### TRY IT
Leaving the pictures aside, repeat every line below exactly.

### DATA EXTRACT
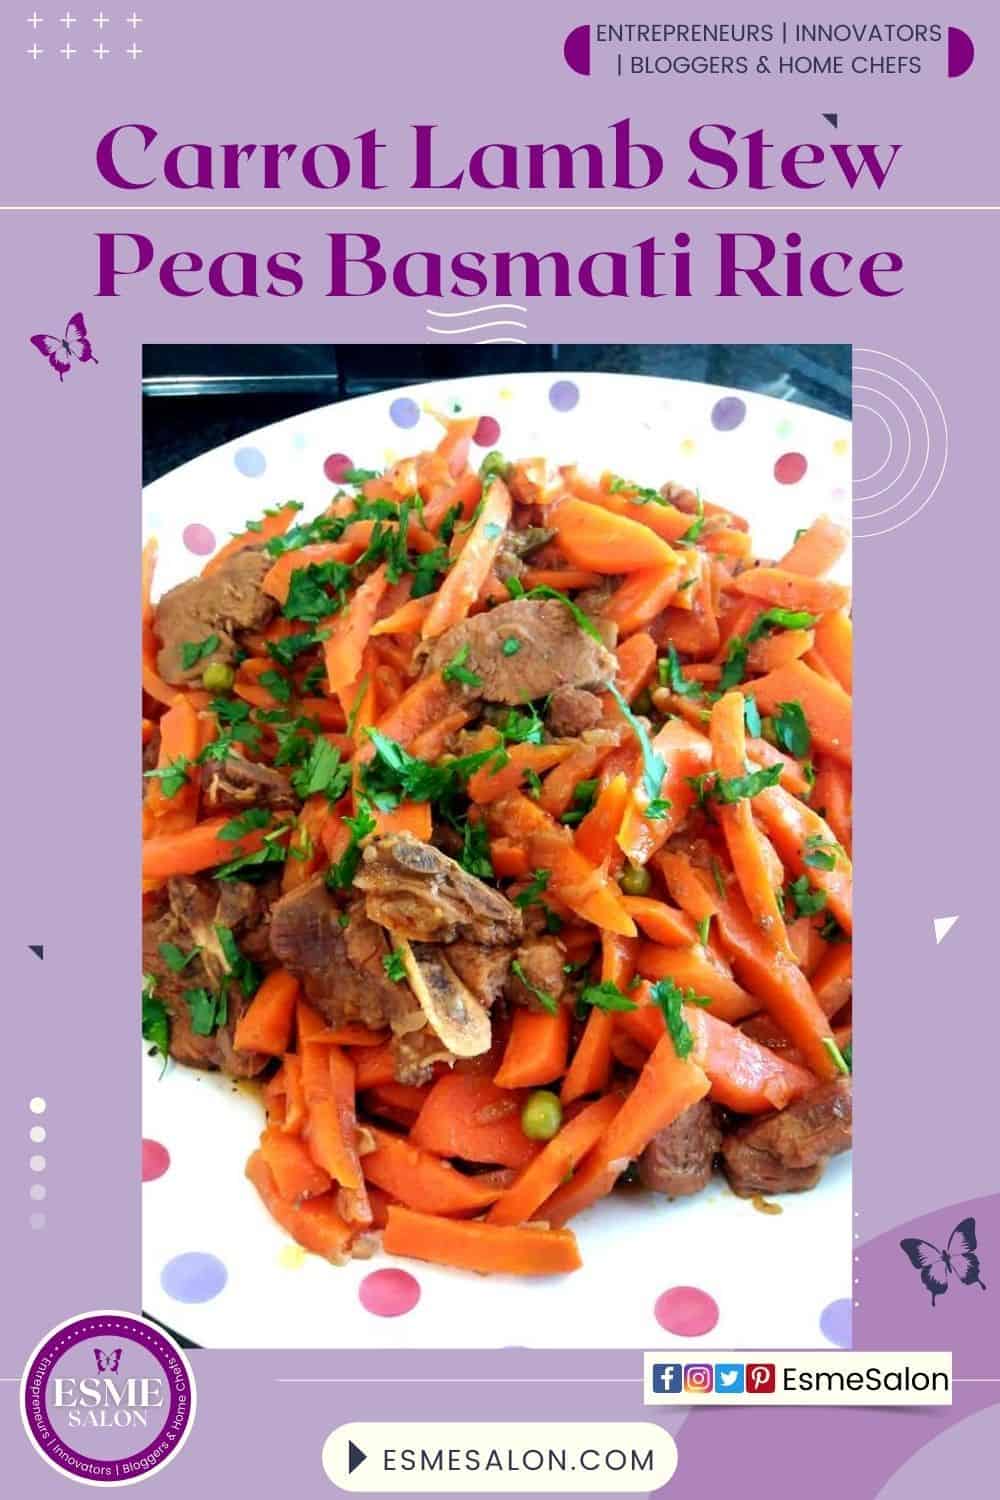 Carrot Lamb Stew with Peas on Basmati Rice
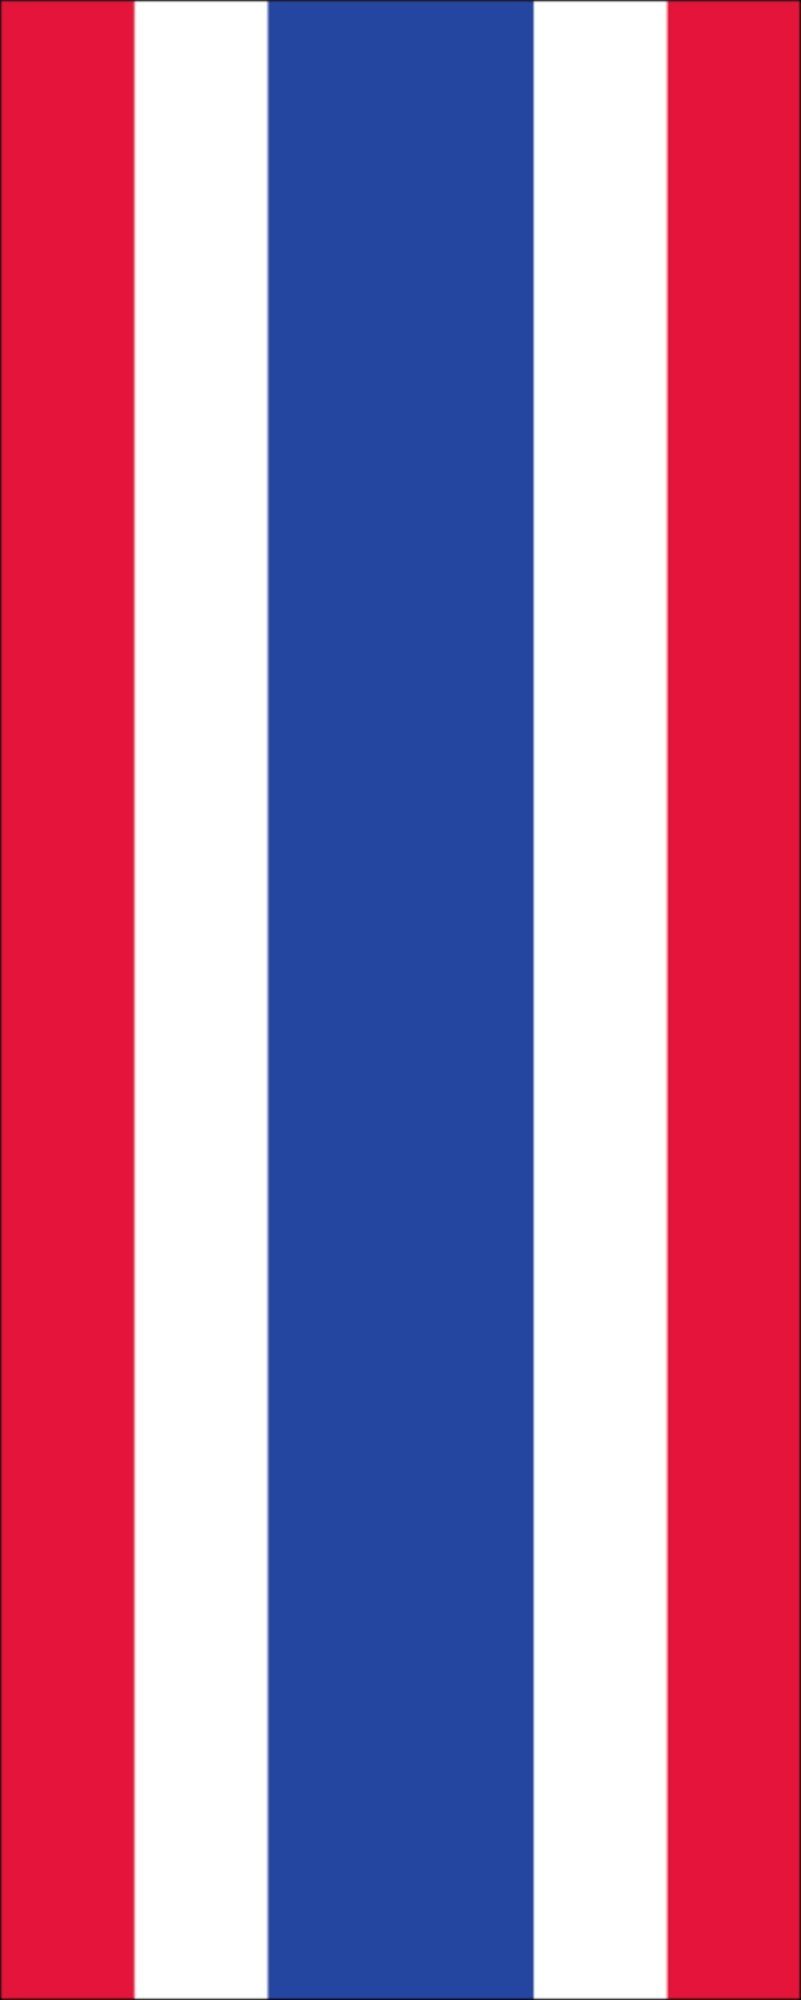 110 Thailand flaggenmeer Hochformat Flagge g/m² Flagge
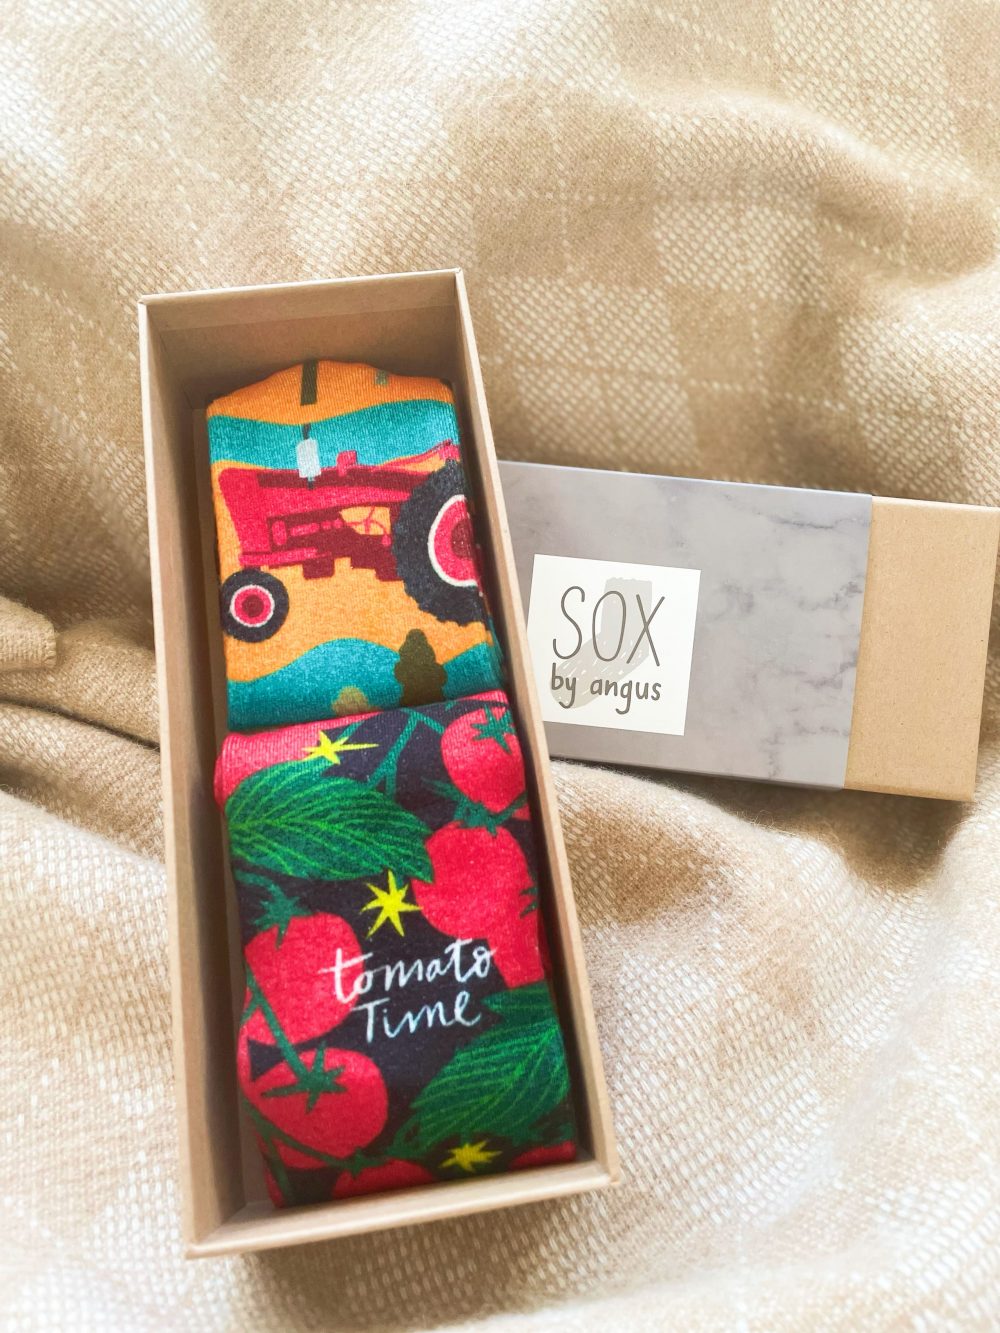 bamboo digital printing novelty socks gift box of Hayride & Tomato socks
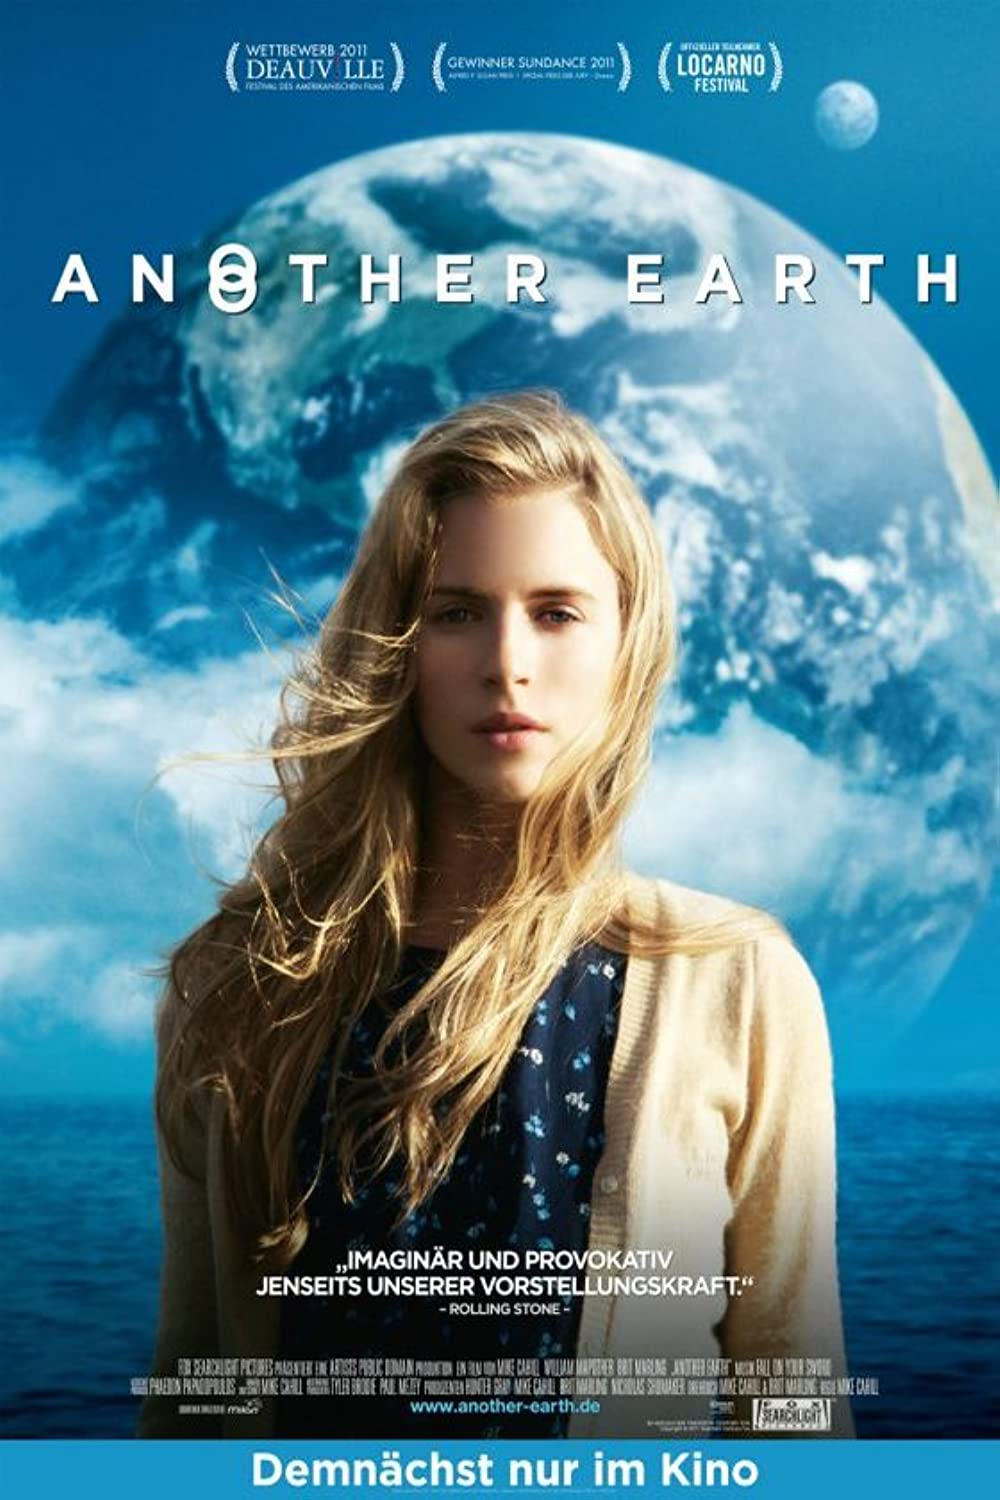 Filmbeschreibung zu Another Earth (OV)

### ANSWER BELOW
 Carrot Lamb Stew with Peas on Basmati Rice
 110 Thailand flaggenmeer Hochformat Flagge g/m² Flagge
 bamboo digital printing novelty socks gift box of Hayride & Tomato socks
 Filmbeschreibung zu Another Earth (OV)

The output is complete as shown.